With the entertainment industry’s anti-piracy bods increasingly going after the domain names of piracy websites, the global organisation that oversees the domain name system has distanced itself from having any responsibility for policing how domains are used.

As previously reported, the many domain name registries which manage different top level domains, and the registrars that most people use to actually register a domain, all have their own policies regarding what to do about piracy operations.

Using a domain name for a copyright infringing operation usually breaches the terms and conditions of registries and registrars, but while some are willing to block sites at the say so of copyright owners or bodies like the City Of London Police’s IP Crime Unit, others insist on a court injunction before taking any action. Needless to say, the operators of piracy sites have learned which registries have the latter policy.

Given the different approaches around the world, some in the anti-piracy game had hoped that global top level domain overseer ICANN would ramp up its own piracy rules, putting more pressure on those down the chain. But, according to Torrentfreak, bosses at the not-for-profit organisation have no intention of doing this, and are getting rather annoyed with being repeatedly asked.

ICANN’s Chief Contract Compliance Officer Allen Grogan told Torrentfreak: “ICANN has no role in policing content – it’s entirely out of our scope.
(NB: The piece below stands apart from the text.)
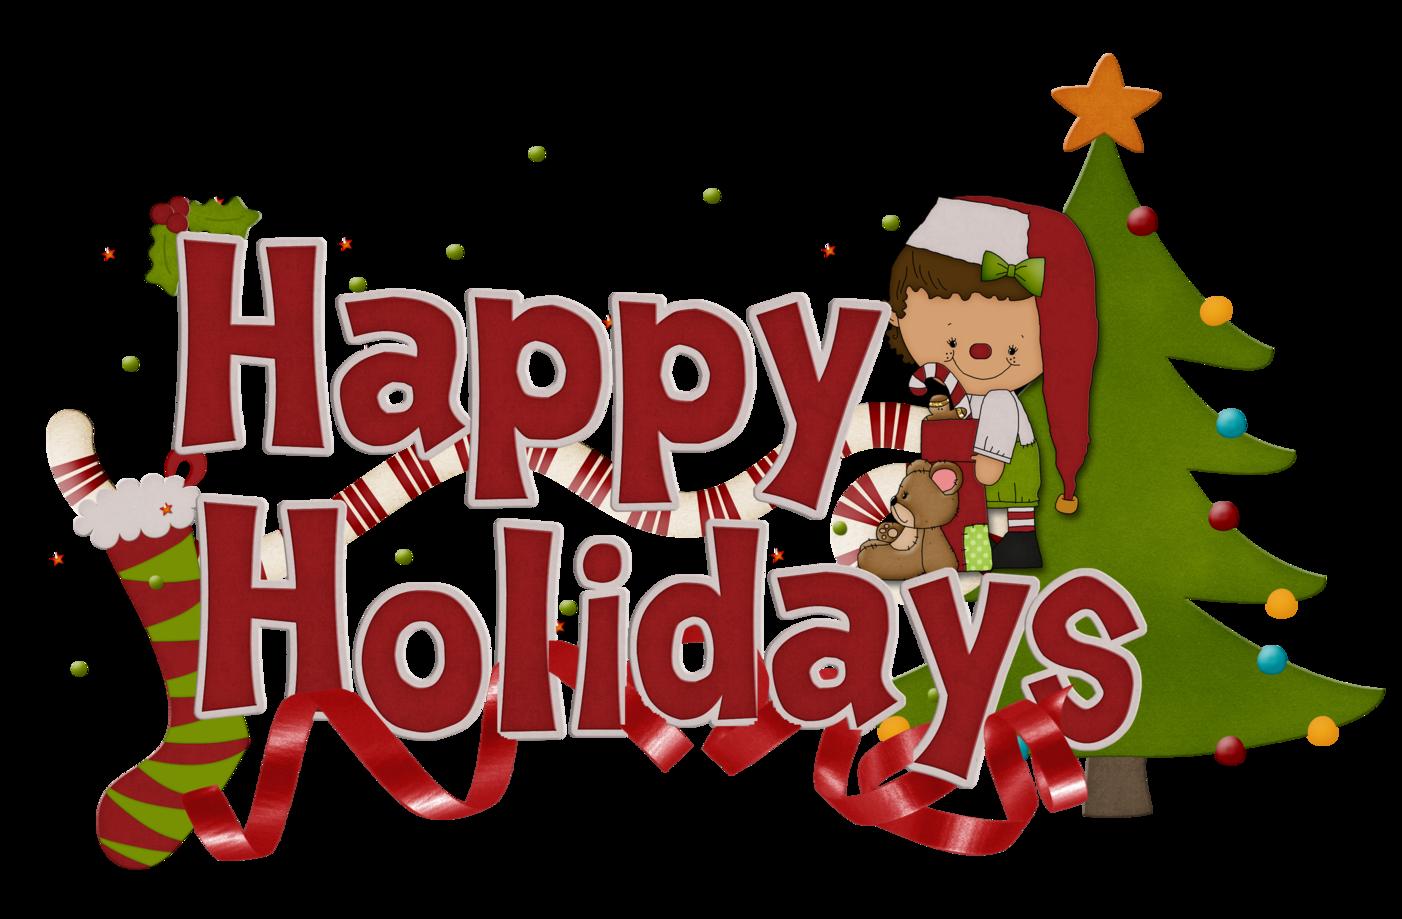 Happy Holidays Clip Art Free - Holiday Clip Art Free
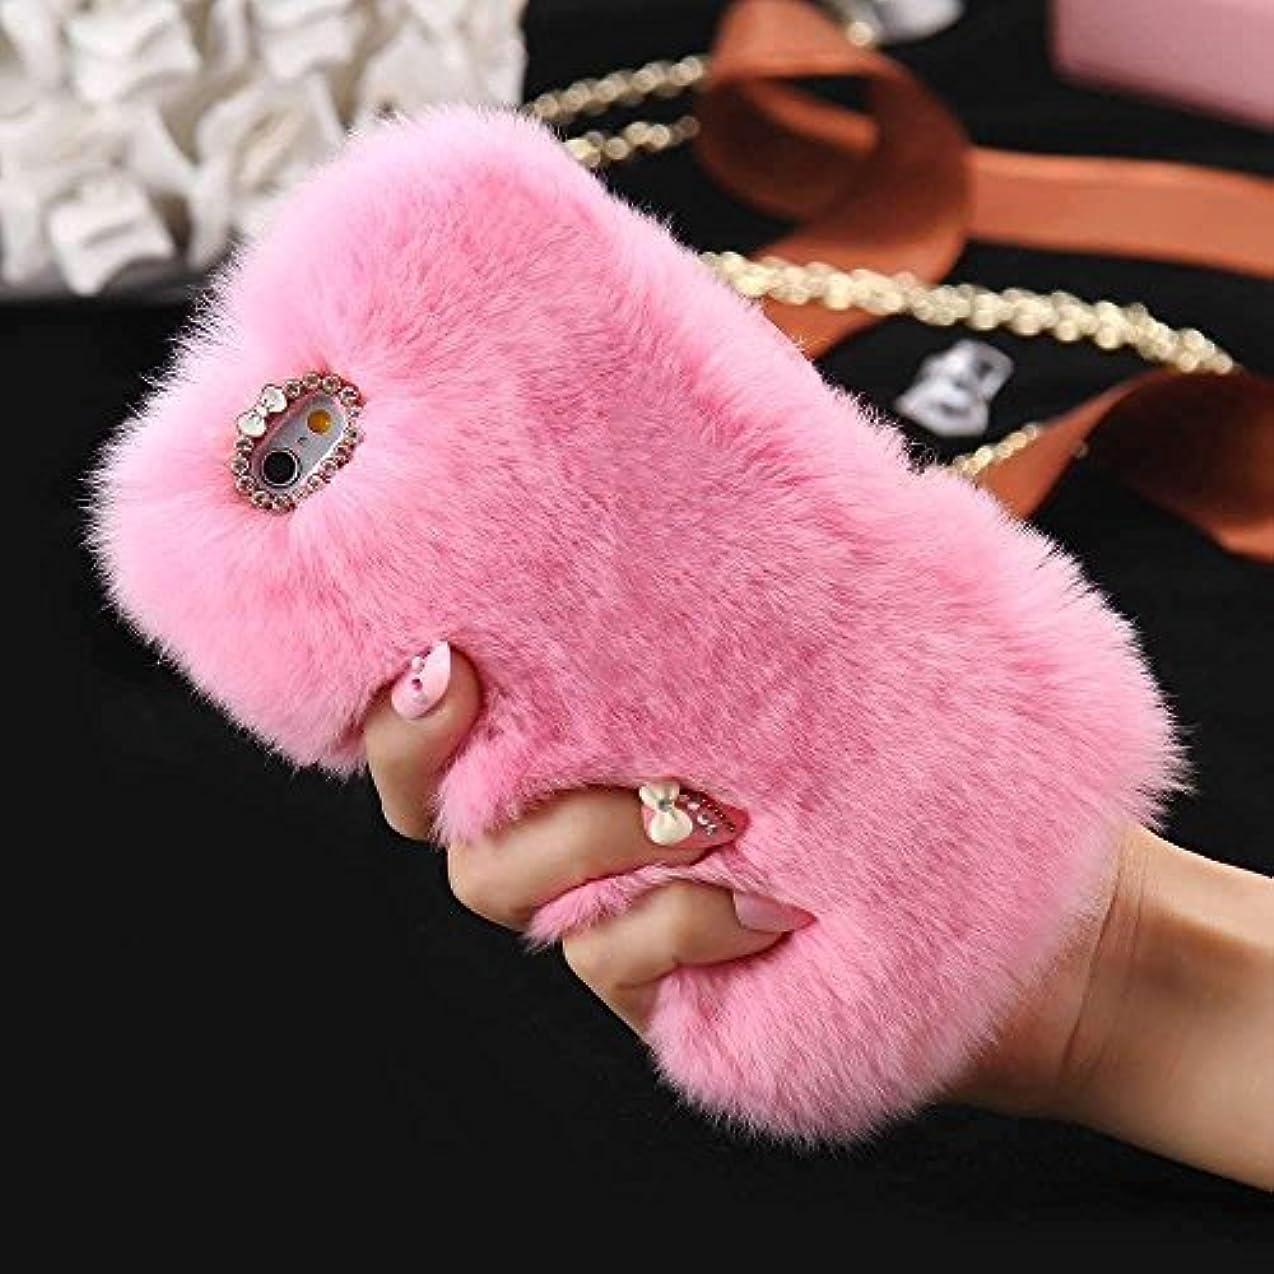 エキサイティングにバンドiPhone 7 ケース おしゃれ INorton 保護カバー 耐衝撃 軽量 薄型 女の子 かわいい 冬に最適 iPhone 7対応

Our mission is to co-ordinate, at the overall level, the global internet’s systems of unique identifiers, and in particular, to ensure the stable and secure operation of the those unique identifiers. ICANN was never granted, nor was it ever intended that ICANN be granted, the authority to act as a regulator of internet content”.

So there you go. Adds Grogan, speaking to the copyright industries and their trade bodies: “It’s important people understand this and direct their content complaints to the institutions that are already in place to handle these issues, such as law enforcement, regulatory agencies and judicial systems”.